Es falso, empero, que estemos frente a un mero proceso de "desfranquistización", sino ante una operación de mucho mayor calado.
El capitalismo y sus colaboradores necesarios (izquierda incluida) precisan de una masa que no se plantee interrogantes, que no apele a su historia en caso alguno y, sobre todo, que viva el día a día en el marco de un sistema lobotomizador en la línea de lo que Orwell retrata, poco más o menos, en su magistral distopía "1984". Quieren (y para ello se financian a través del saqueo el erario público) que creamos que "este mundo" es el "mejor de los mundos posibles".
Onésimo Redondo Ortega no fue ni pudo ser franquista por una simple cuestión de calendario. Sí fue un gran luchador en defensa de los remolacheros vallisoletanos, un sindicalista de una pieza y, por supuesto, un gran patriota que abogó siempre por la construcción de un Estado nacional frente a los enemigos de toda laya y condición, y todo ello envuelto en un discurso sin concesiones, un mensaje de justicia social radical, abiertamente enemigo de usureros de la banca y cuatreros de las finanzas internacionales.
Lo de laminar el monumento a Onésimo Redondo Ortega es la enésima canallada del poder burgués vendido al criminal-imperialismo norteamericano. Pero es una canallada, insisto, que tiene su urdimbre y su lógica.

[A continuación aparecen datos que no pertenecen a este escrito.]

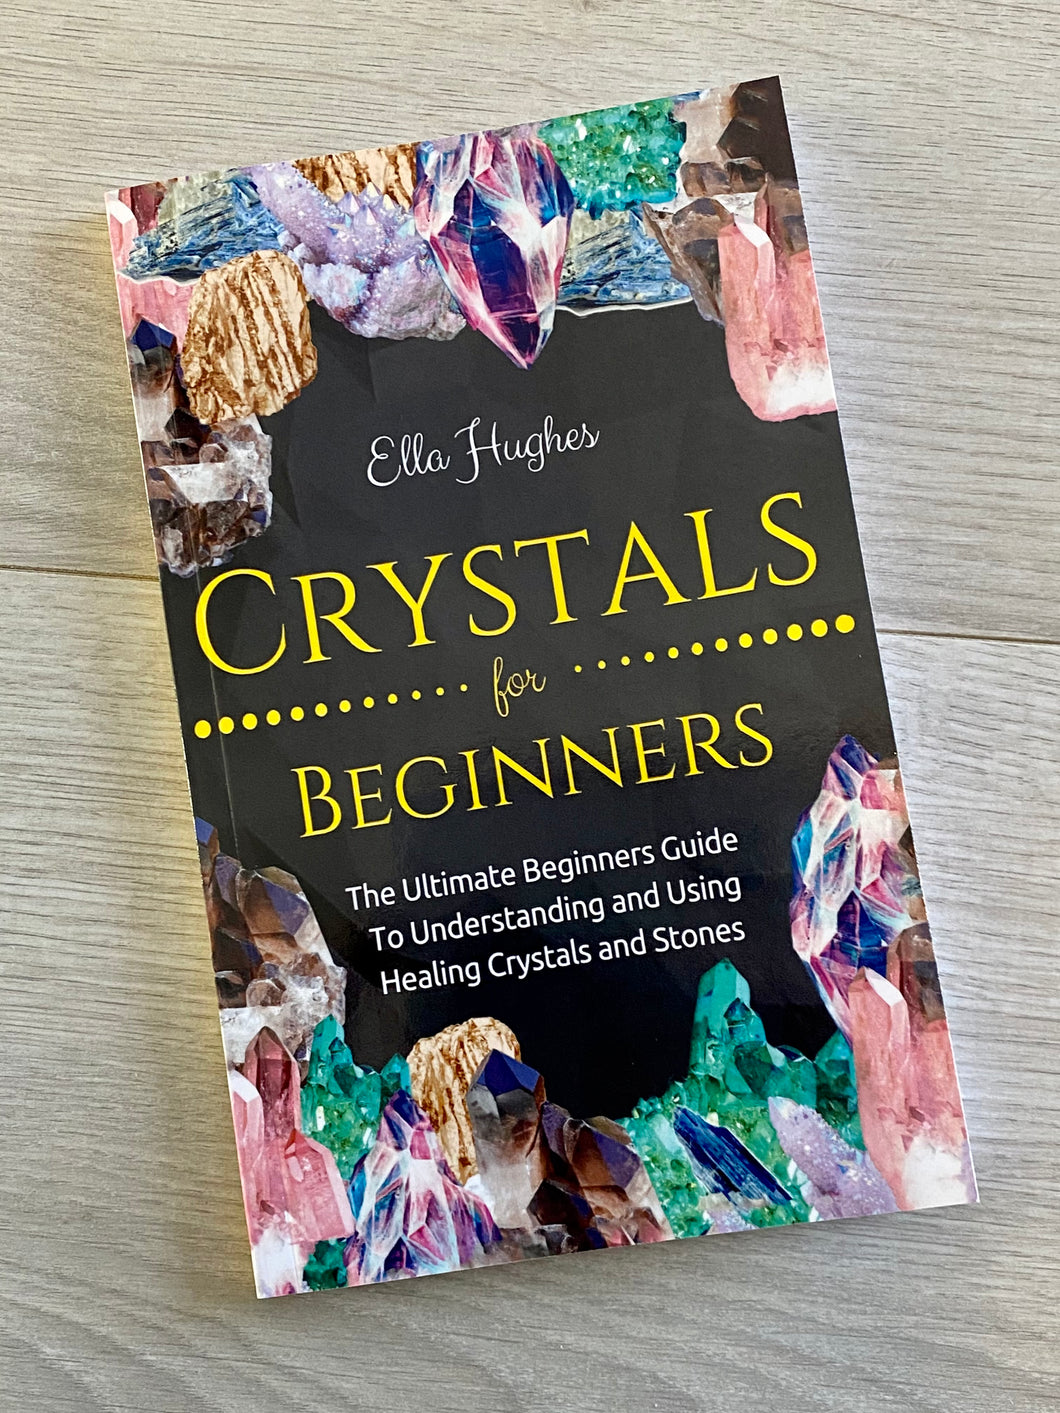 Crystals for Beginners Book

Mientras se trata de borrar de la memoria de los españoles a aquellos compatriotas que combatieron por una España mejor, los poderes oligárquicos, con su otra mano, ensalzan o toleran a auténticos engendros sociales.

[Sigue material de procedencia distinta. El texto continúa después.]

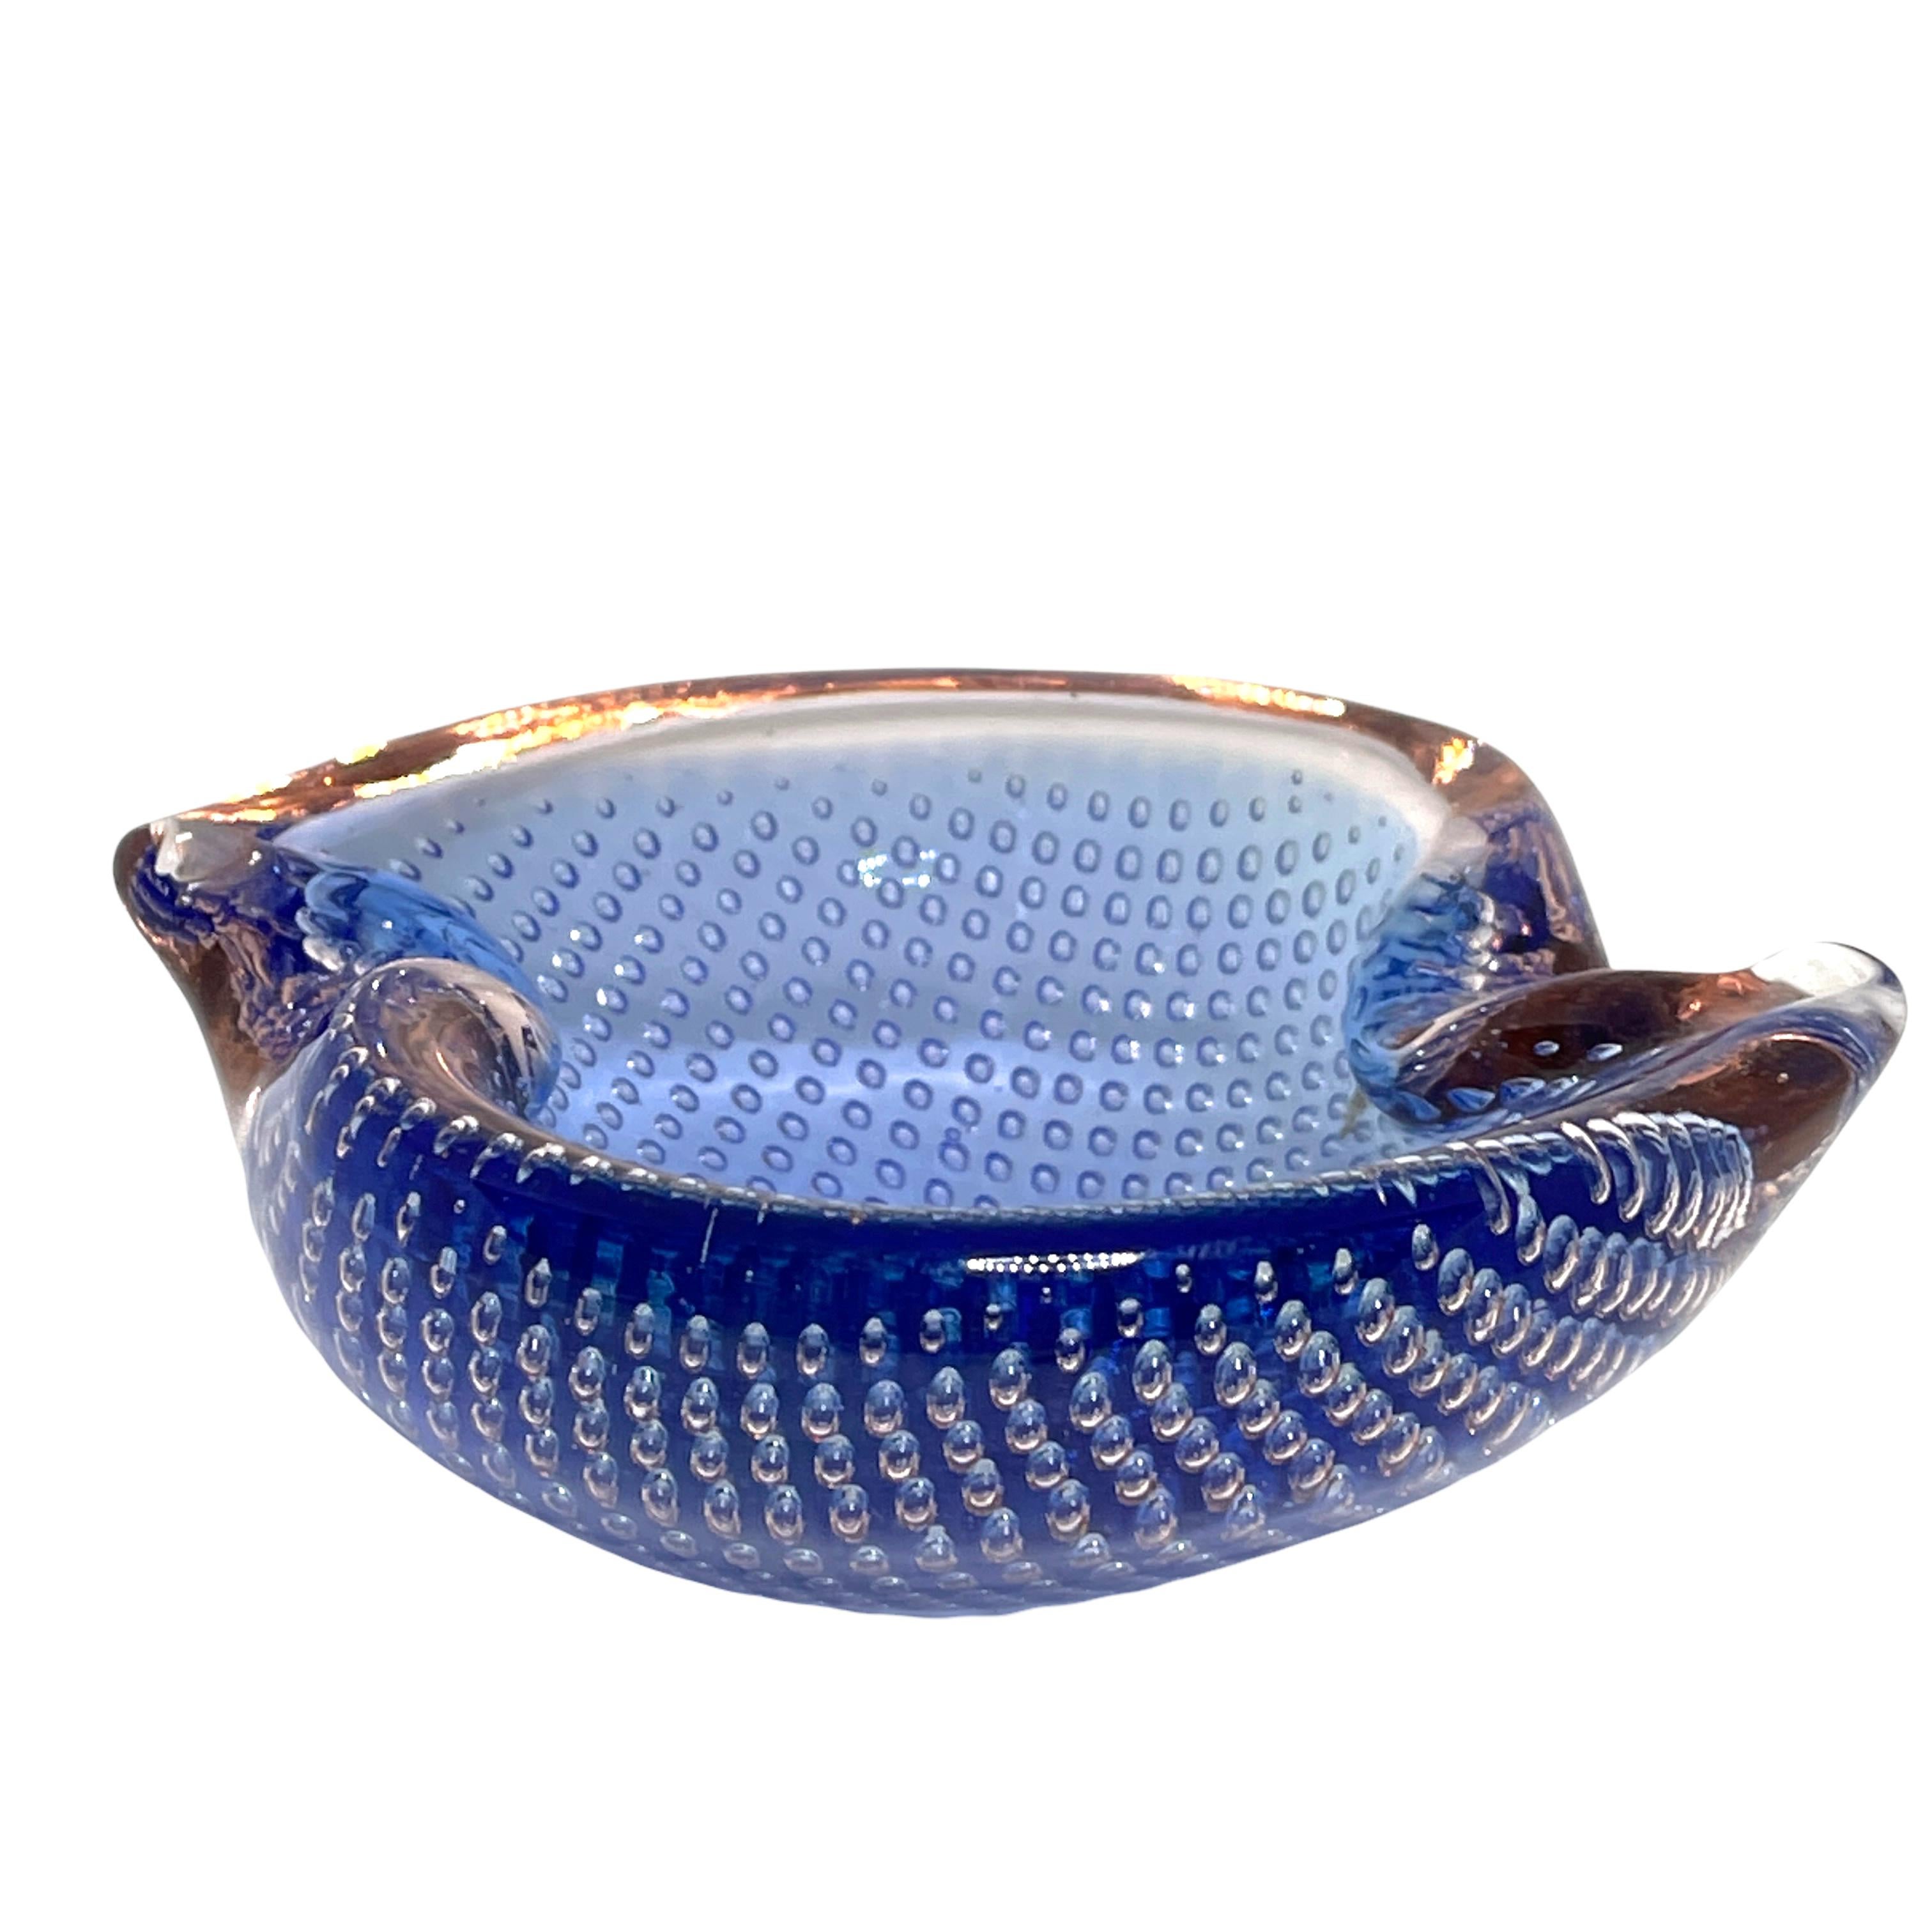 Hand-Crafted Petite Flavio Poli Murano Glass Ashtray Blue, Pink, Clear, Vintage, Italy, 1970s For Sale

Así, en Valencia, concretamente en el Forn d'Alcedo, tenemos, por ejemplo, una calle dedicada al hijo de un rabino gandul y gorrón (Carlos Marx), una plaza con una placa dedicada a un recaudador de la organización criminal ETA (Olof Palme) y un monumento, en el epicentro de la plaza de Cánovas del Castillo, dedicado a un capitalista y tratante de esclavos negros (Marqués de Campo). La lista, obviamente, podría ser más larga y me imagino que en la capital castellana sucederá tres cuartos de lo mismo.

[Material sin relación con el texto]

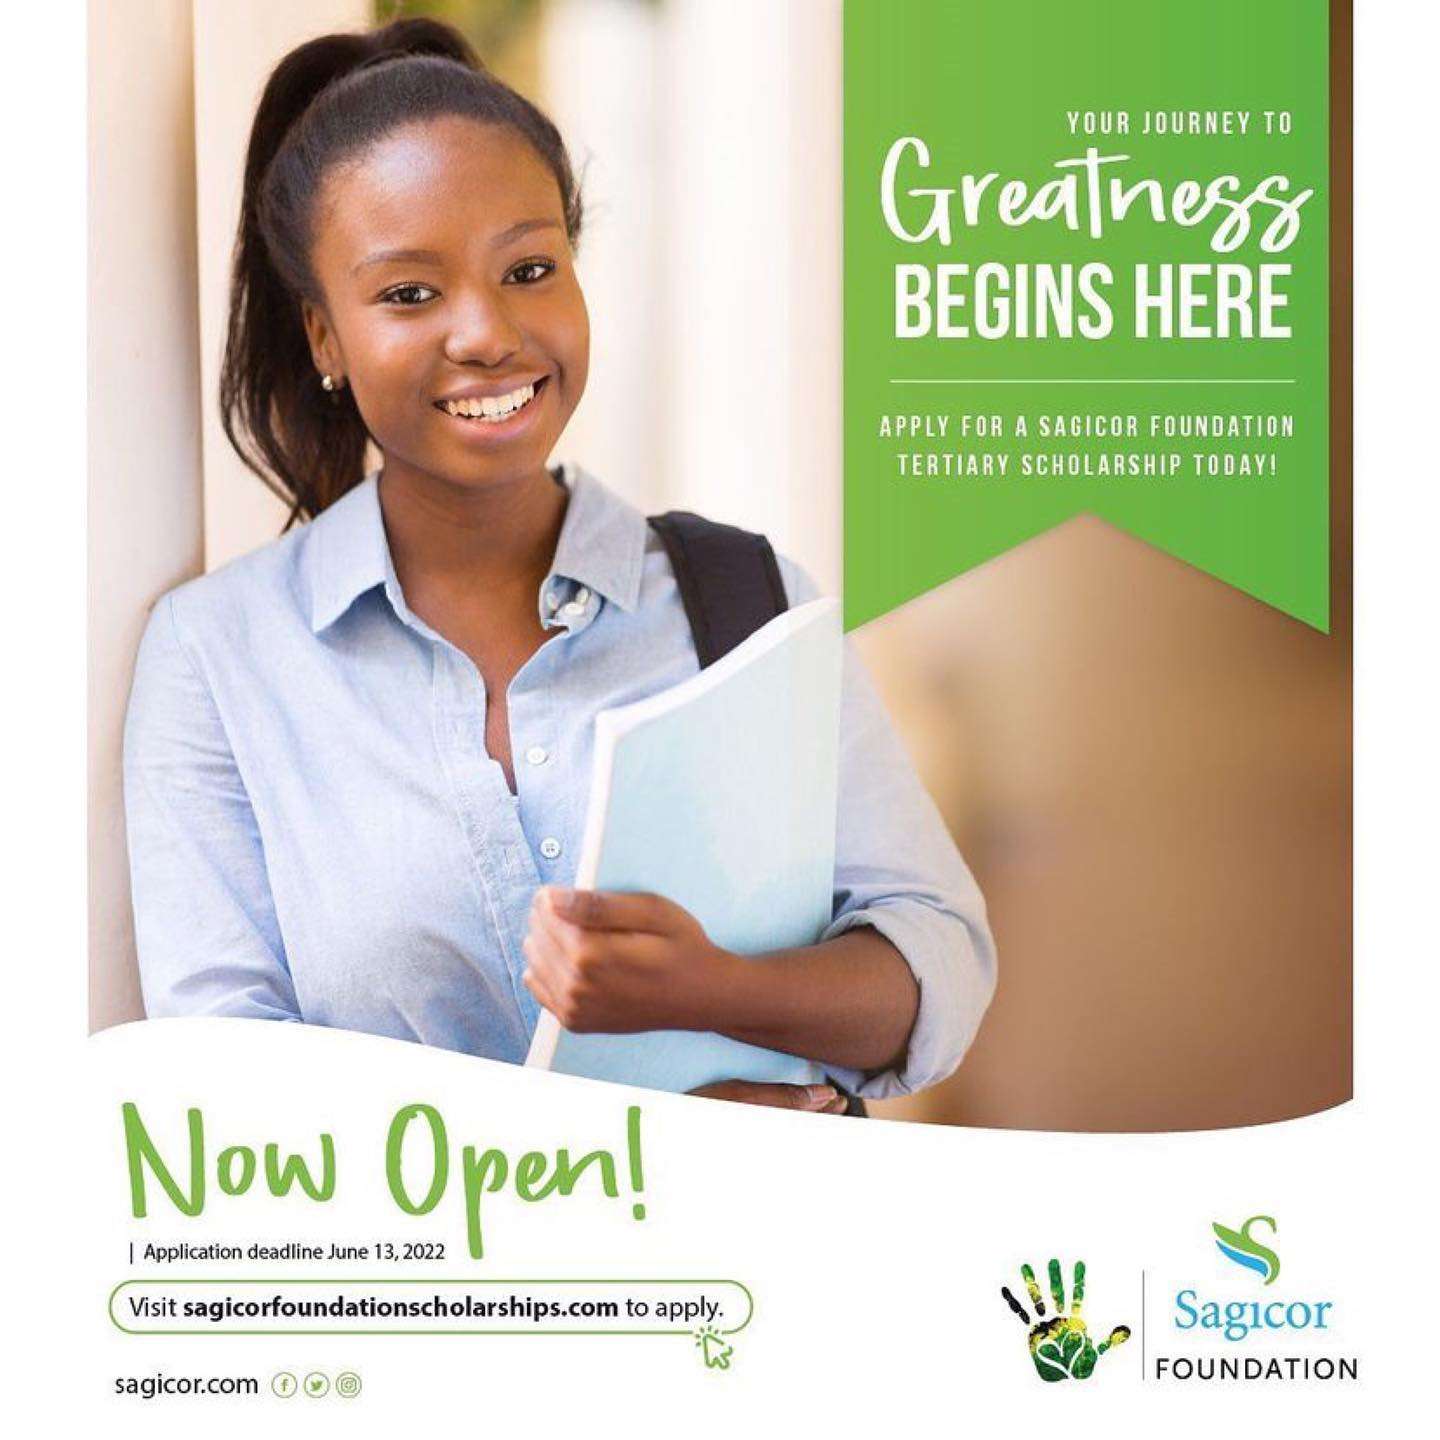 The Sagicor Foundation scholarship is inviting applicants to apply for their annual tertiary scholarships by June 13. There are at least seven (7) full scholarships valued at J$250,000 per year for up to four (4) years open to qualified students at the CMU, UWI, NCU, UCC, UTech, and EMCVPA. 

Llegados a este punto, alguien se puede preguntar por el qué hacer como respuesta. Desde luego, nada de ademanes histéricos. Es muy sencillo: reeditar sus obras completas y difundir su mensaje a través de internet, para que las generaciones nuevas tengan, al menos, la posibilidad de conocer a un español cuyo cerebro albergó ideas concretas para construir una España unida y libre.
Manos a la obra.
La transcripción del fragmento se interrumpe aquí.